Alibaba’s strength is reflected in its close relationships with two major luxury powerhouses LVMH and Kering, which both own a load of elite luxury labels that are looking to expand further in the Chinese market.
What are some common challenges they are facing?
1. Fashion and Luxury DNA
“It is not the case that you list luxury items on your site, then consumers will just come to buy them,” said Wong from Activation Group when commenting on challenges faced by these two platforms to further tap into the luxury sector.
“These e-commerce platforms need to adjust their branding to show their fashion and luxury DNA. That’s how to uplift Chinese consumers’ expectations and confidence in purchasing luxury items on their sites.”
Unlike international luxury e-tailers such as Yoox Net-a-Porter and Farfetch, which has had luxury in its DNA from the get-go and has long been endorsed by brands, Alibaba and JD.com both started with a grassroots profile. Therefore, whether they are able to transform their image through these luxury platforms in the eye of the market remains a pivotal question.
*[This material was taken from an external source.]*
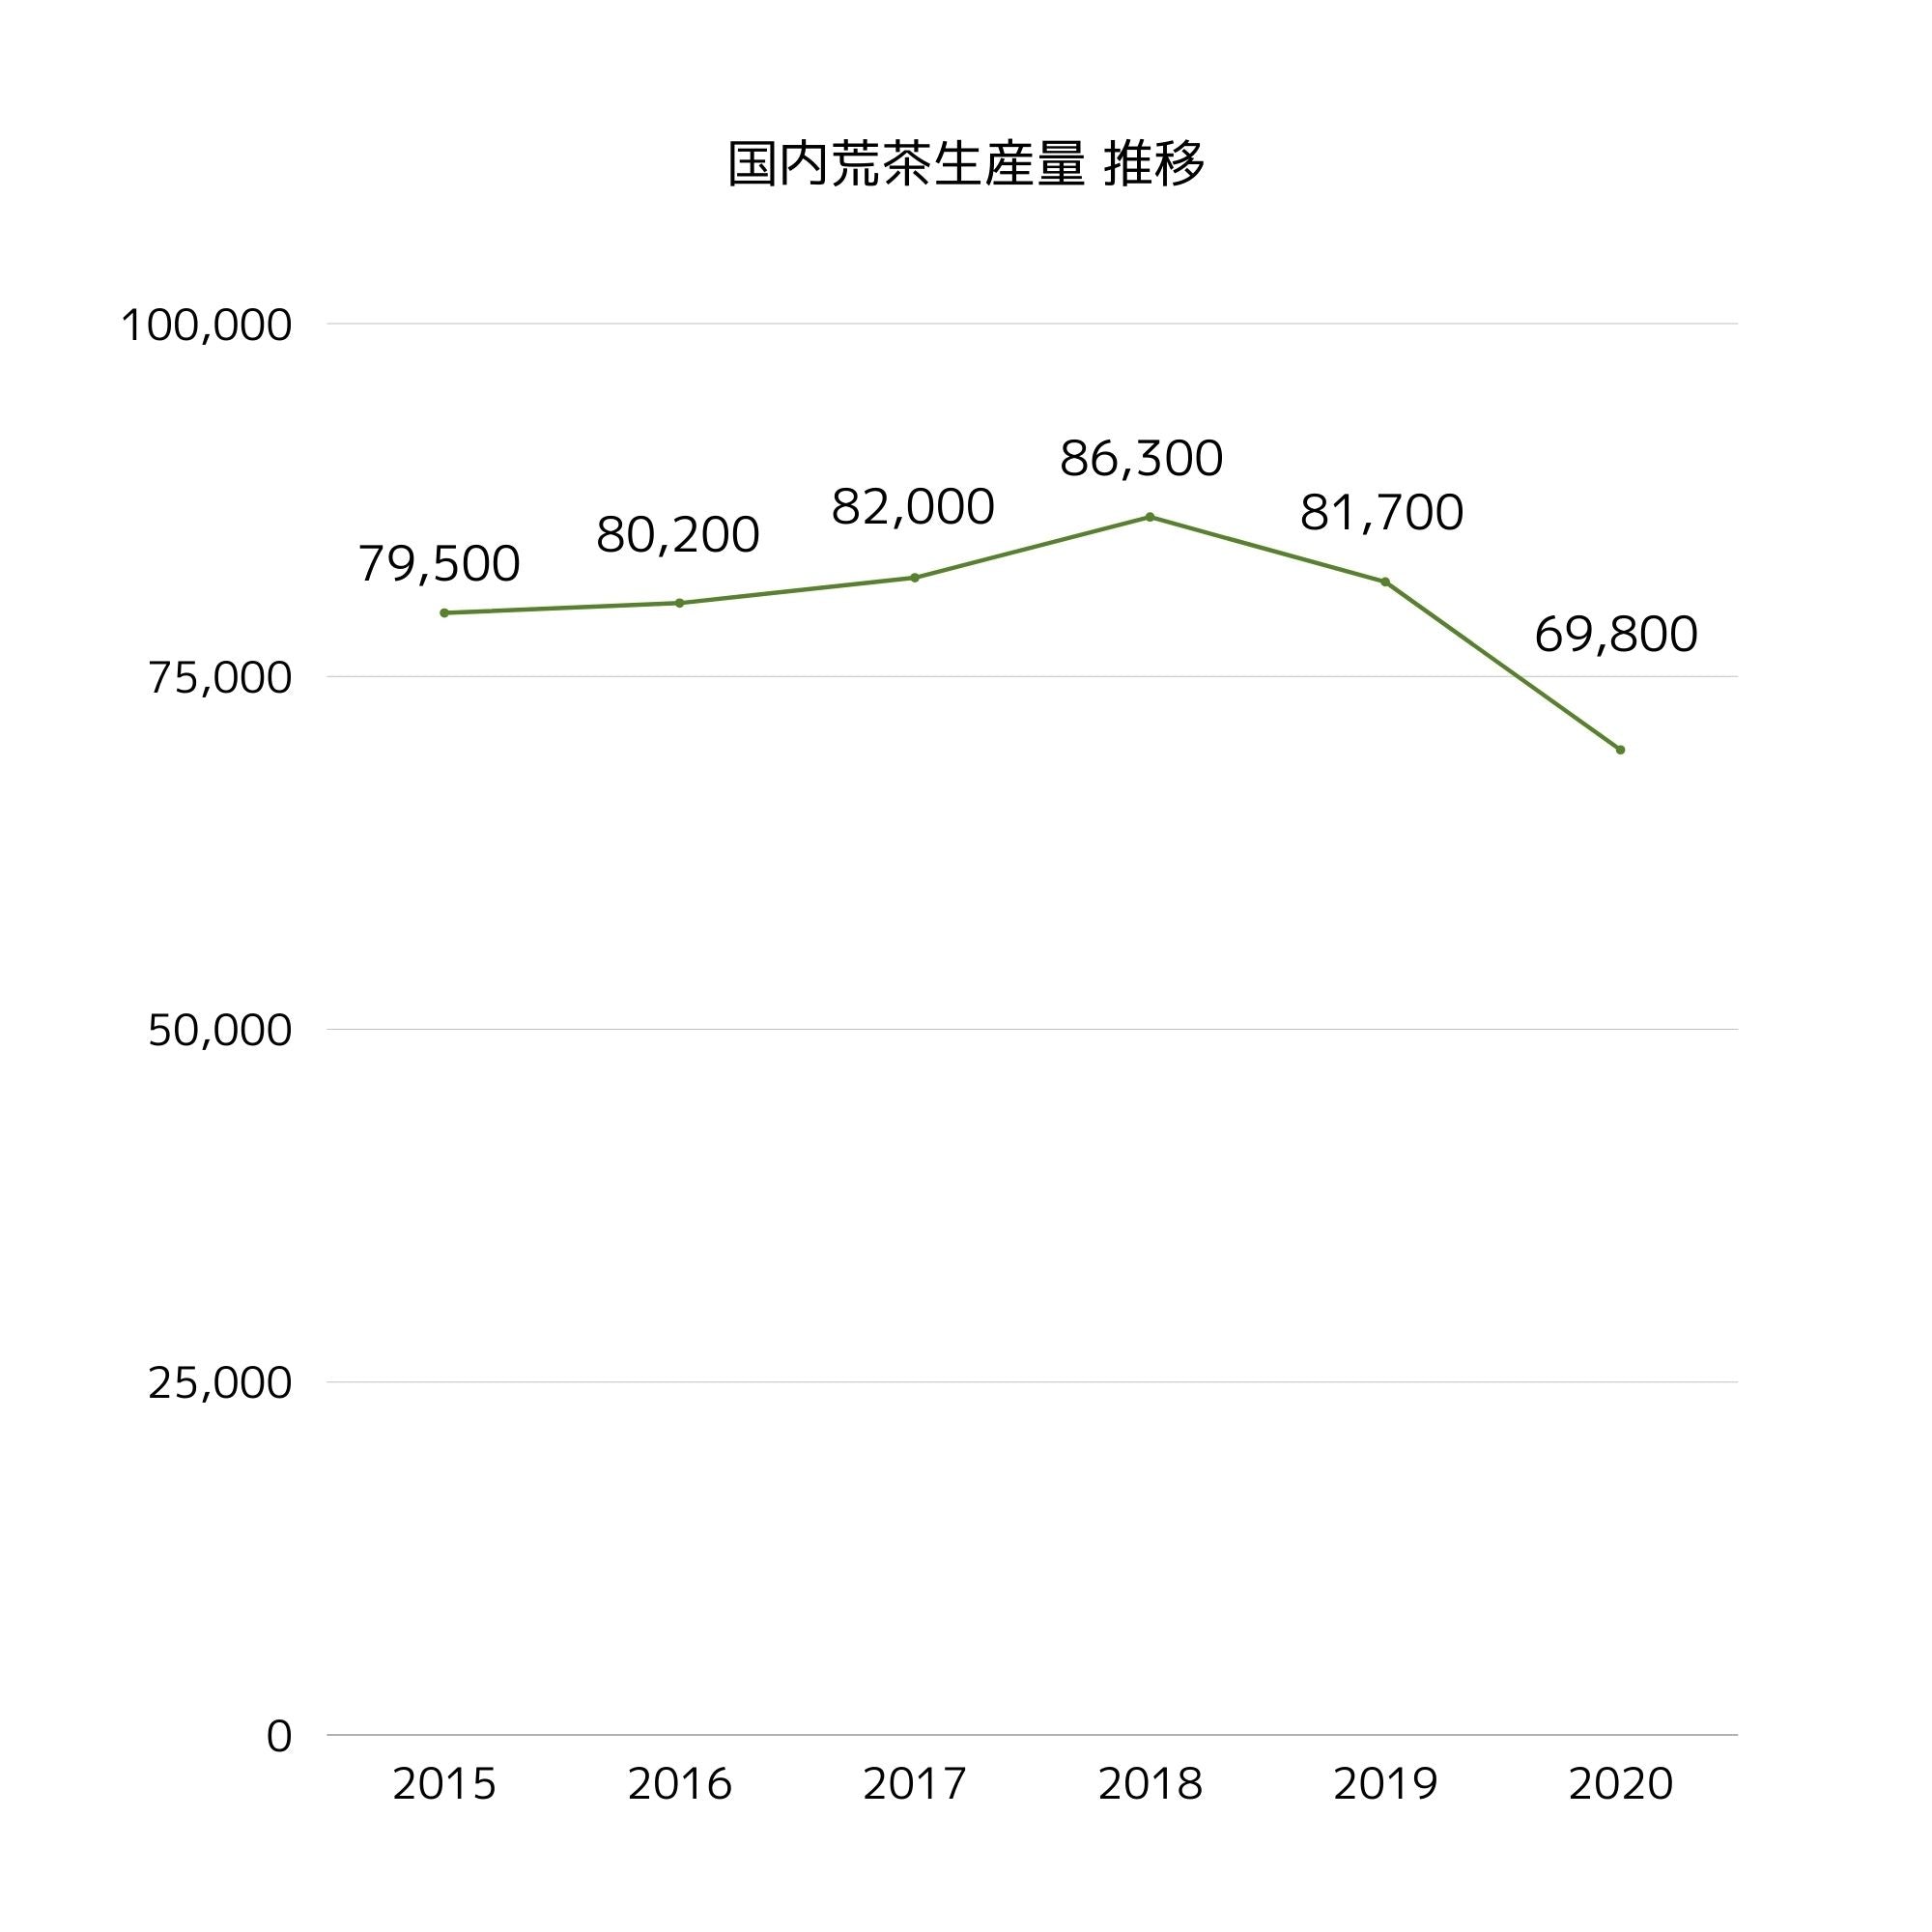 日本の荒茶生産量の推移

The issue of counterfeits is an old one, but it has been a constant thorn for international luxury brands looking to develop a closer relationship with Chinese domestic e-commerce platforms. It is a topic that cannot be avoided, particularly by Alibaba whose Taobao Marketplace has been flooded with fake goods.
Since late last year, however, Alibaba has made a flurry of public efforts in dealing with the issue from setting up the Anti-counterfeiting Alliance to launching an IP protection platform for brands.
“They are making a lot more progress now than they were last year,” L2’s Flora said and added that these ramped-up efforts are really paying off for them as this year, they have attracted several new brands such as Tag Heuer, Furla and Polo Ralph Lauren.
JD.com, on the other hand, has received less criticism on this front. “JD.com is a bit more advantageous at convincing brands that it could fight fakes,” Flora noted, “because it distributes products from its own warehouses. So it shows that they are able to be more on top of counterfeits than Alibaba.”
But JD.com is also not immune to the counterfeiting phenomenon. In January 2017, a Chinese consumer sued JD.com for selling fake luxury timepieces on its platform in Beijing Chaoyang People’s Court. Even though JD.com was not punished in that case (the court decided the platform was not the right party to be sued), fake products do exist on the site.
3. Customer experience
Another aspect that both platforms need to work on is creating the luxury customer experience online to satisfy buyers looking for exclusivity and premium services like the ones they receive at traditional brick-and-mortar luxury retailers.
Alibaba has relied on the “New Retail” initiative they are experimenting with to deliver a seamless shopping experience for consumers. This new data-driven business model will integrate online stores, physical stores and logistics, which has the potential to create high-end luxury experiences for consumers.
JD.com focuses more on the logistics side. It just unveiled the “white glove” express delivery service for luxury buyers. In some metropolitan cities, consumers can receive their orders within 24 hours and their packages are brought to them by well-dressed deliverymen in luxury cars.